Dua hari setelah 2nd opinion itu ternyata kondisi makin memburuk, akhirnya ke dokter lagi. Kali ini dokter yang biasa lagi gak praktek, daftarlah ke dokter sebelahnya (ruangan prakteknya sebelahan maksudnya), namanya dokter Eva Sridiana. Alhamdulillah dokter yang ini lebih komunikatif dan sabar.

Setelah periksa-periksa rutin, tanya jawab seputar kesehatan (ya iyalah, masa seputar resep masakan), disuruh foto lagi, karena dari terakhir sedot cairan memang belum pernah foto. Hasilnya bikin pengen nangis, karena paru-paru kiri gambar kabutnya makin banyak, yang berarti cairannya balik lagi with a vengeance, gak mau kalah sama John McClane.

Oh ya, saat itu kira-kira 4 minggu sesudah thoracentesis pertama.
Mau nggak mau, suka nggak suka, terpaksa harus menjalani lagi.

Pas awal-awal ke dokter ini, sayangnya, fokus utama tetep alergi obat, karena melihat diagnosis dokter sebelumnya sudah positif TBC, tapi obat nggak bisa masuk. Jadi sambil memperbaiki kondisi, obat2an yang bikin alergi ini harus dicari dulu.

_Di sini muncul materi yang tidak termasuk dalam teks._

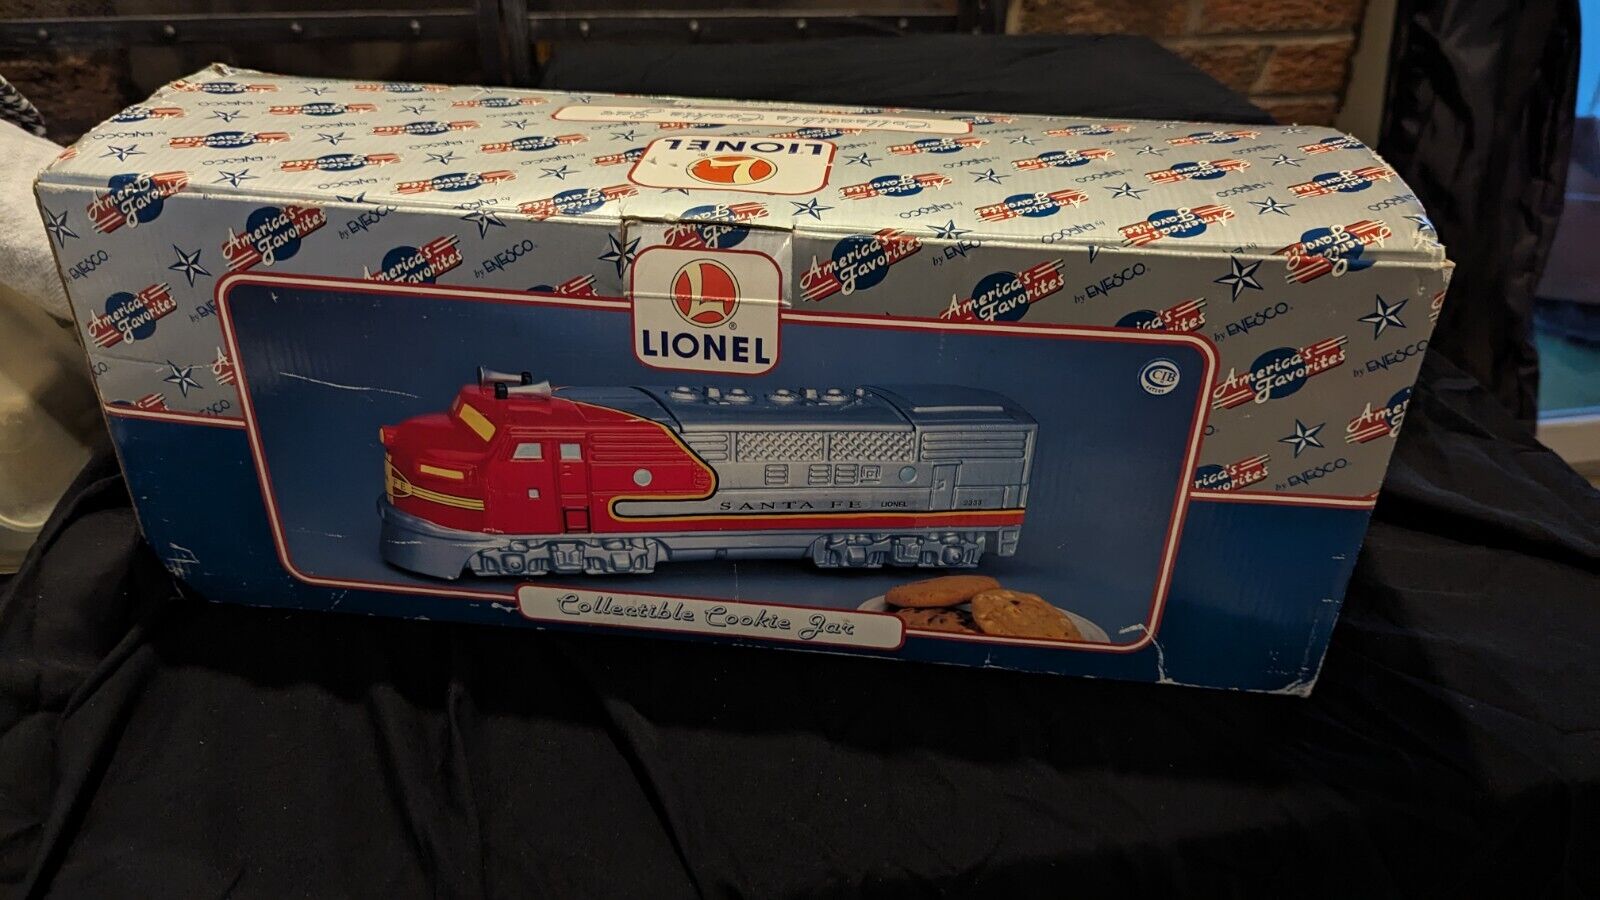 Lionel Santa Fe 2333 Locomotive Train Collectible Ceramic Cookie Jar 17” NIB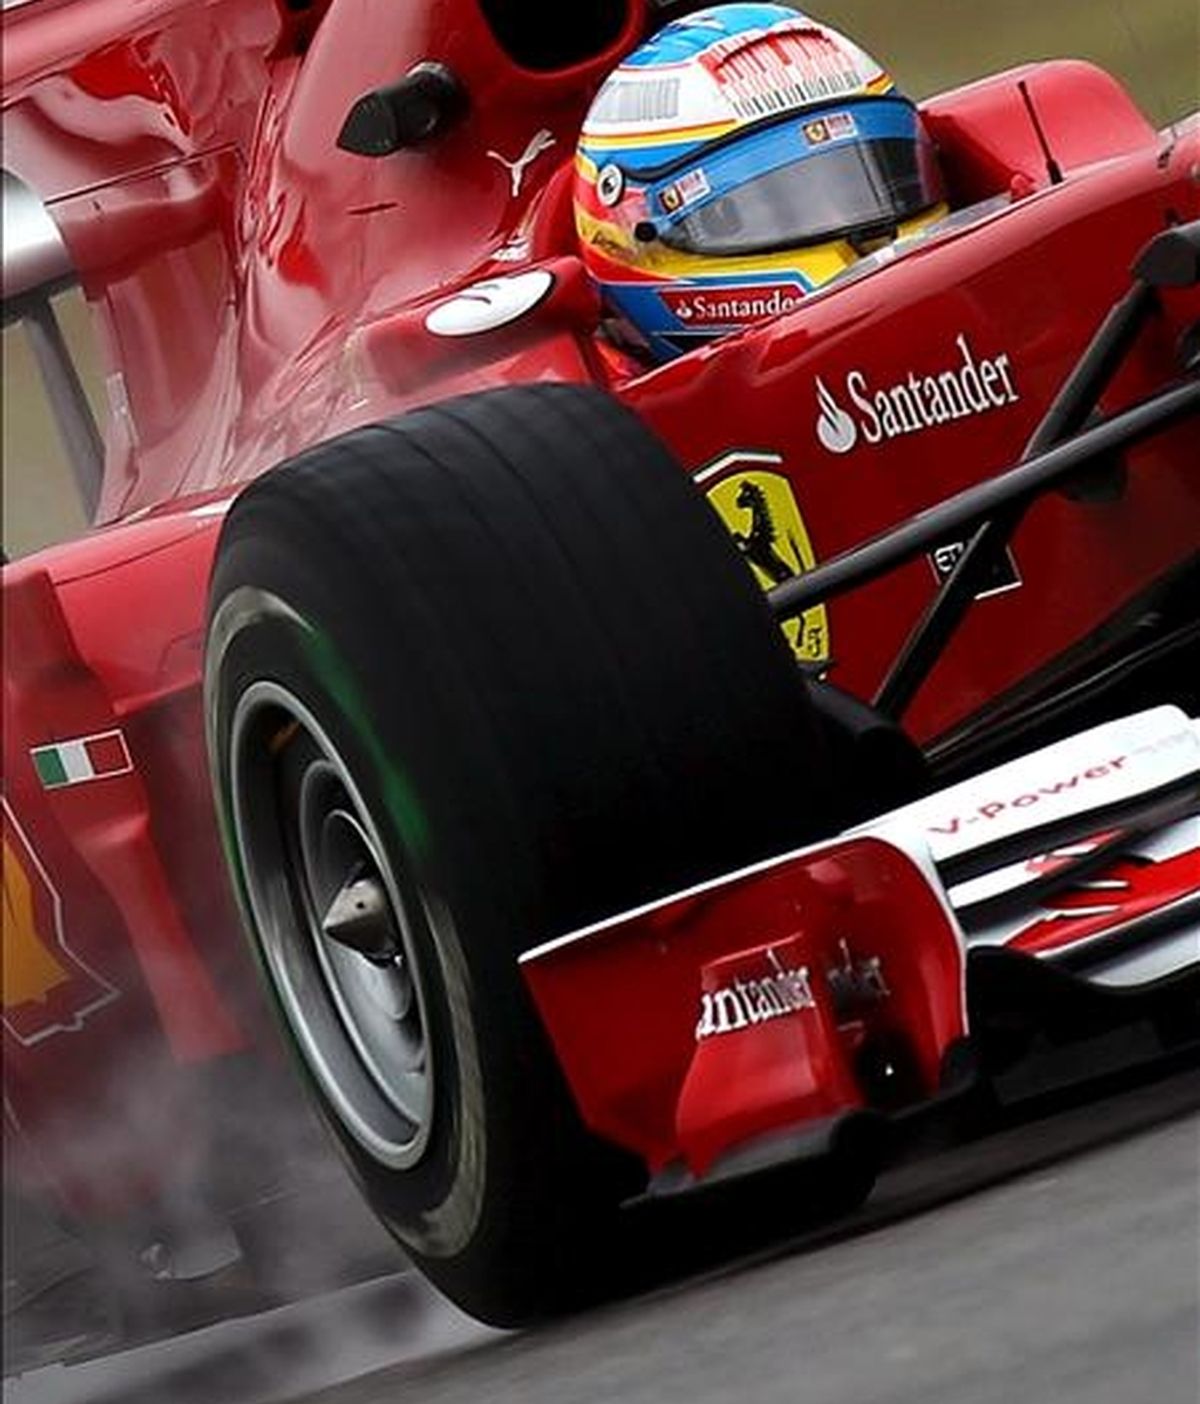 El piloto español de Fórmula Uno Fernando Alonso de Ferrari conduce su monoplaza en el circuito de Hockenheim durante la primera sesión de entrenamientos. El Gran Premio de Alemania se celebra el próximo domingo 25 de julio. EFE

Seperti sudah dibahas di volume sebelumnya, obat TB yang diresepkan adalah rimstar, yang isinya 'oplosan' obat TB yang empat jenis itu. Nah, karena kalau minum yang 4 in 1 itu jadi gak tau mana yang bikin alergi, akhirnya dokter membuat 'program test obat'.

Obat yang 4 itu diberikan dalam bentuk terpisah-pisah. Tapi karena efek alerginya masih berat, terutama gatal dan mual, pasiennya minta waktu untuk menghilangkan efek alergi obat yang kemarin. Maksudnya supaya lebih jelas, reaksi alergi yang dirasa itu sisa minum obat yang kemarin atau karena tes obat yang sekarang.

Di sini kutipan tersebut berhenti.